When Marnie Was There (2014)

Hiromasa Yonebayashi's second Studio Ghibli film (his first was Whispers of the Heart) is based on Juan G. Robinson's novel of the same name. Anna suffers an asthma attack at school and worried by her declining health and anxiety her foster parents send her to live with the foster-mother's relatives, who live in a seaside town where the air is clearer. Anna soon meets Marnie in an abandoned seaside mansion nearby, and it becomes clear pretty quickly that Marnie is not from the present. To me, it had similarities to something like Tom's Midnight Garden where the protagonist can meet people who live in the same place but in other time periods. As things go on Marnie and Anna's relationship deepens and secrets begin to unfold.

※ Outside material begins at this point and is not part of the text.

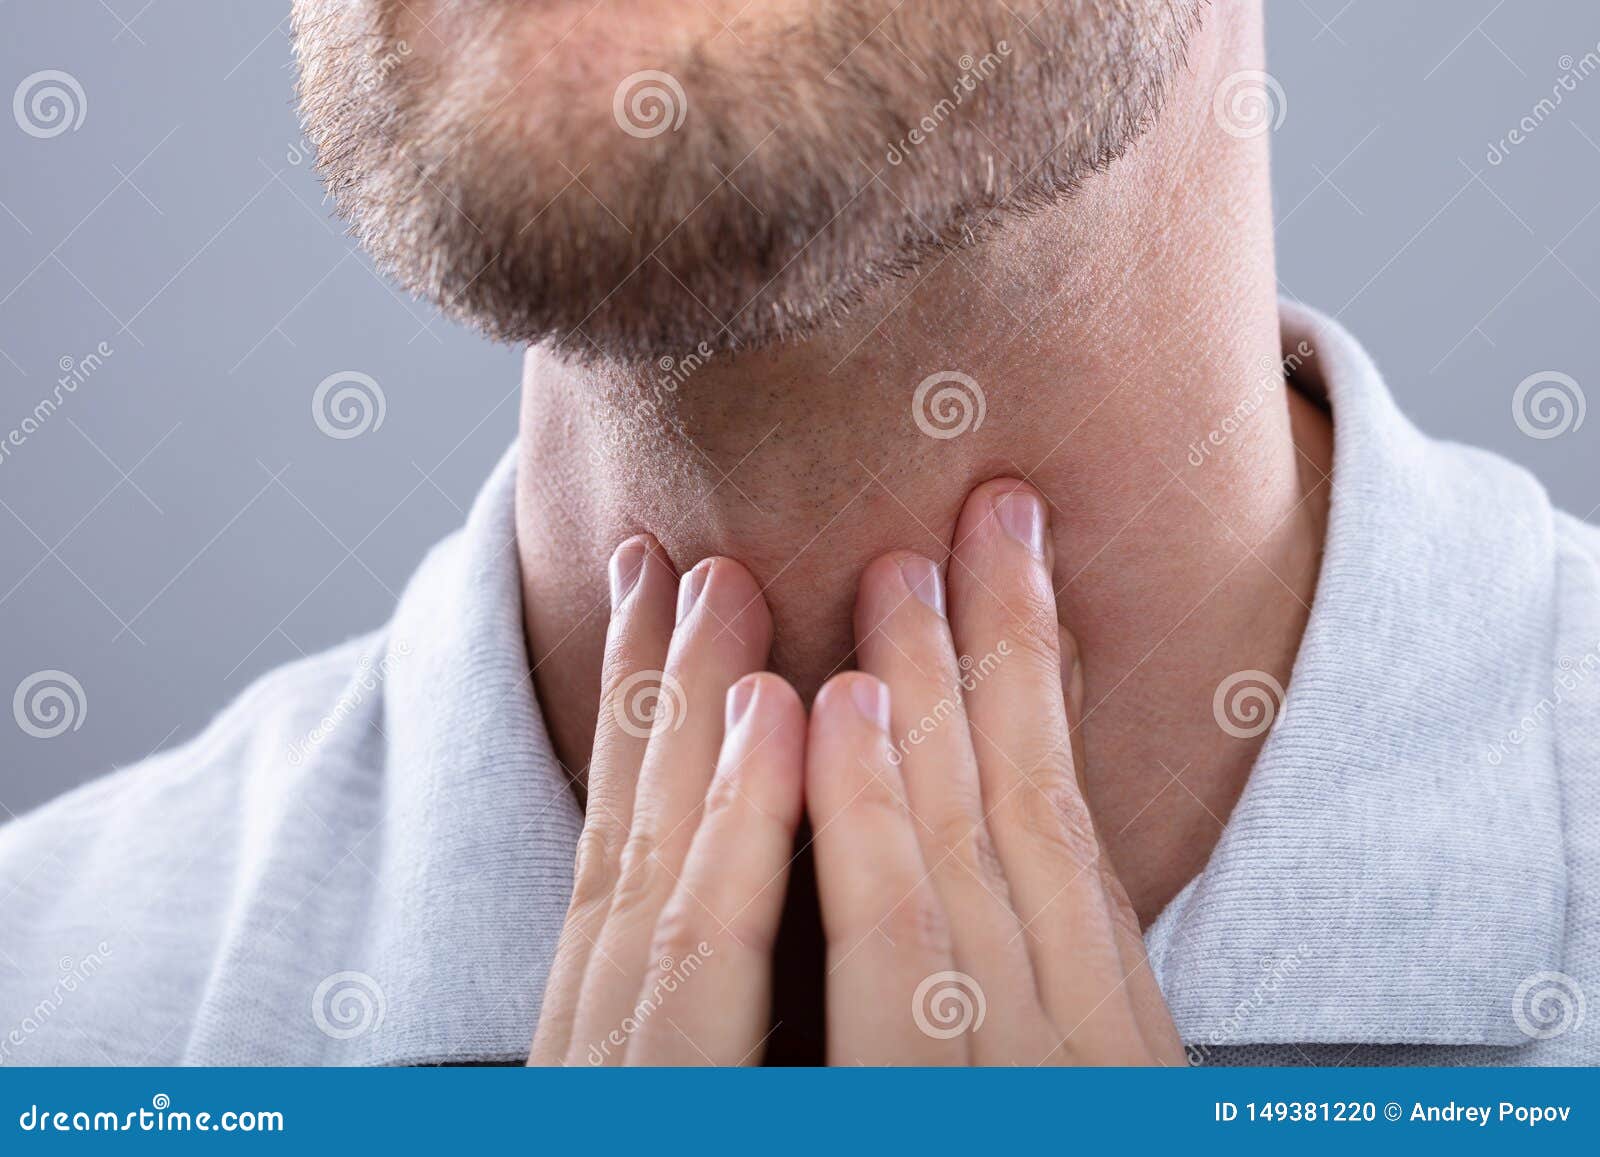 man having sore throat
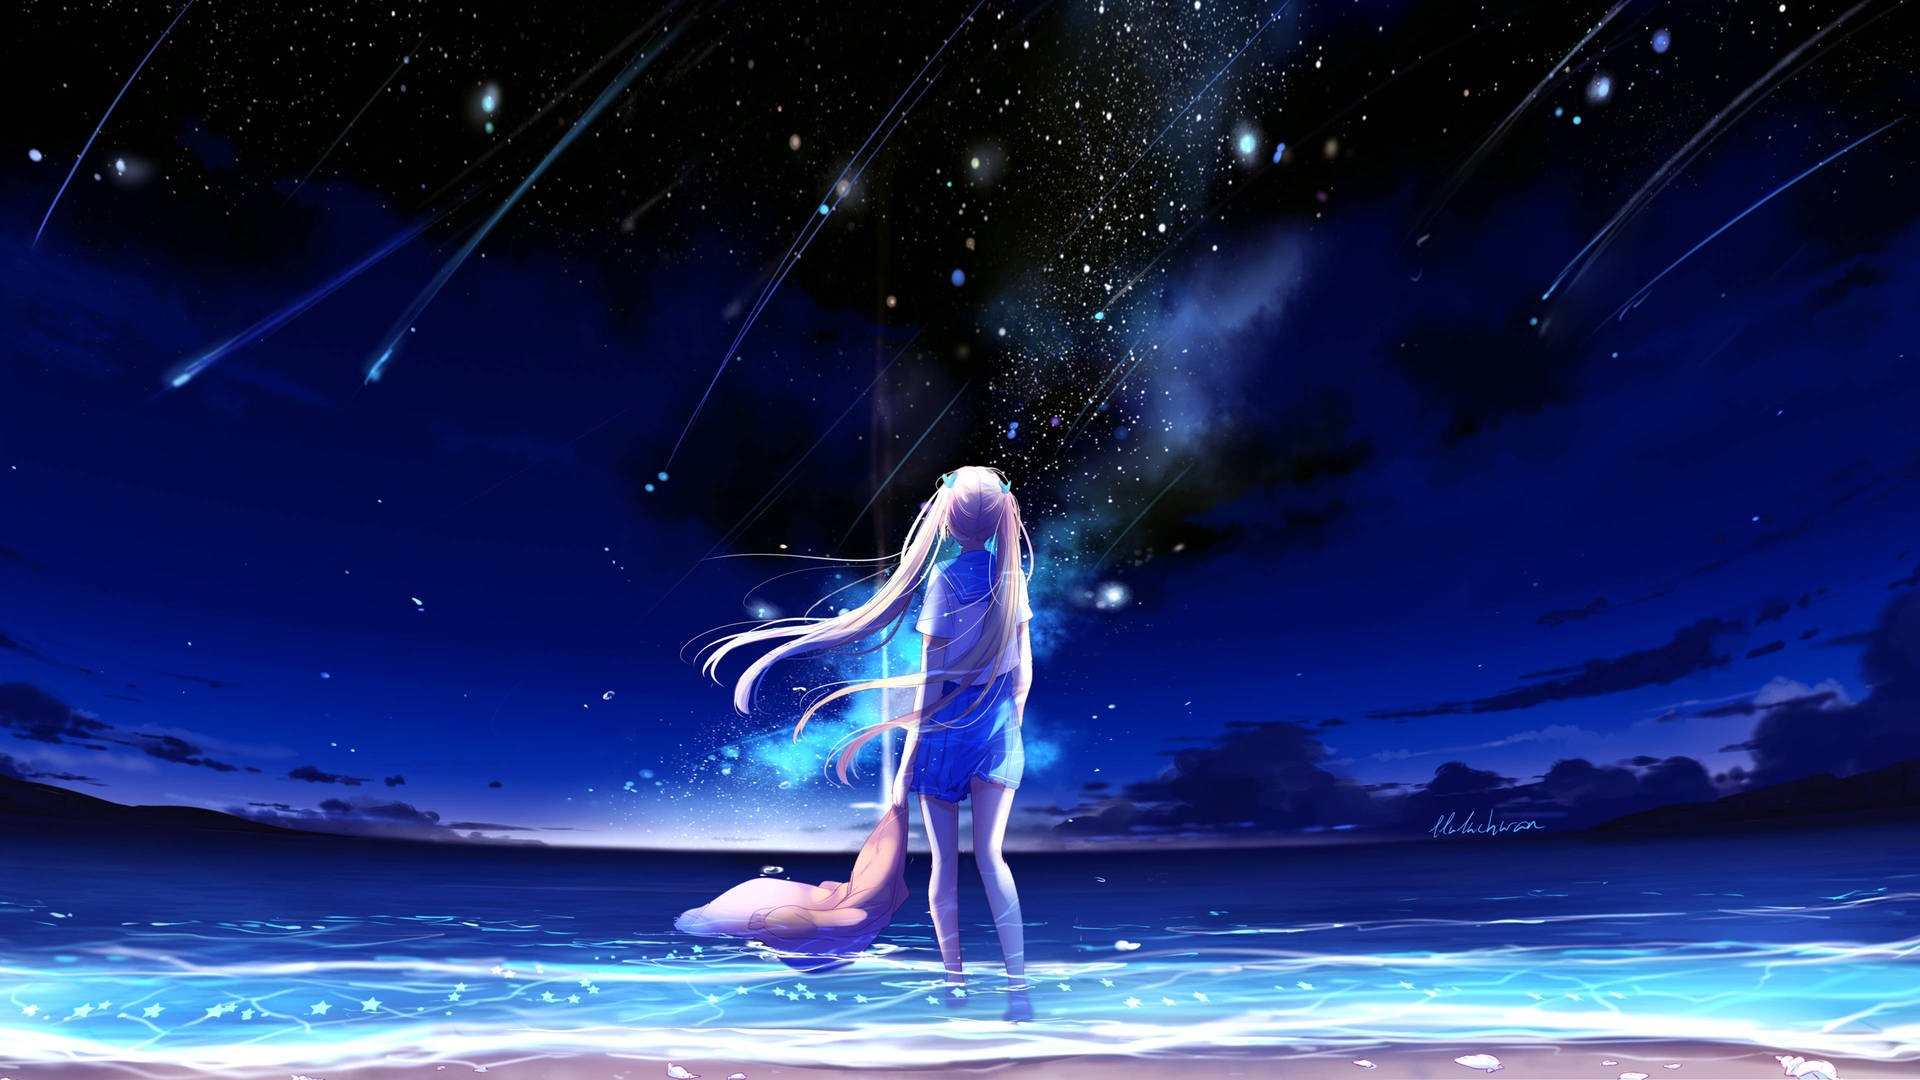 Animation Anime Girl Shooting Stars At Beach

I thoroughly enjoyed this film to begin with and found Anna's highly anxious character very interesting, relatable, and full of depth. However I didn't find the reveal as rewarding as a lot of people seem to as I predicted it fairly early on, to say any more would be to spoil it. Nevertheless, this is a well put together film about family, anxiety, the past, and belonging. It's gorgeously animated and perhaps one of the more emotional Ghibli films, thanks partly to a very pretty soundtrack. I didn't connect with it as deeply as some have, but I can certainly appreciate it's beauty.

7/10

And so that's it. Two more films to throw into the Ghibli mixer and see how the final rankings pop out. I suspect these will change over time (some already have since the last post), especially when I rewatch the more meaty, harder to digest ones. But for now, here's how I'd rank them with the final two additions in bold italics:

1. Princess Mononoke

2. My Neighbour Totoro

3. Grave of the Fireflies

4. Kiki's Delivery Service

5. Spirited Away

6. The Tale of Princess Kaguya

7. Howl's Moving Castle

8. Laputa: Castle in the Sky

9. The Wind Rises

10. Arrietty

11. Whisper of the Heart

12. Only Yesterday

13. From Up on Poppy Hill

14. When Marnie Was There

15. Porco Rosso

16. The Cat Returns

17. Ponyo

18. My Neighbours the Yamadas

19. Pom Poko

20. Tales from Earthsea

Wow. What an amazing set of films, it is perhaps only the last two or three that I didn't enjoy all that much (although they were still very much serviceable). The top three are masterpieces in my eyes. I've been continually blown away, surprised and believe this little adventure is the birth of a love of anime. Next, I shall be watching all the top 100 ranked anime films at random (over many years no doubt) and posting reviews over on the YouTube channel. At least that's the current plan. Should any of these crop up I shall watch them again, and my rankings will no doubt change, though I seriously doubt Princess Mononoke will be taken from the top spot.

Thanks for reading this little series and stay classy y'all!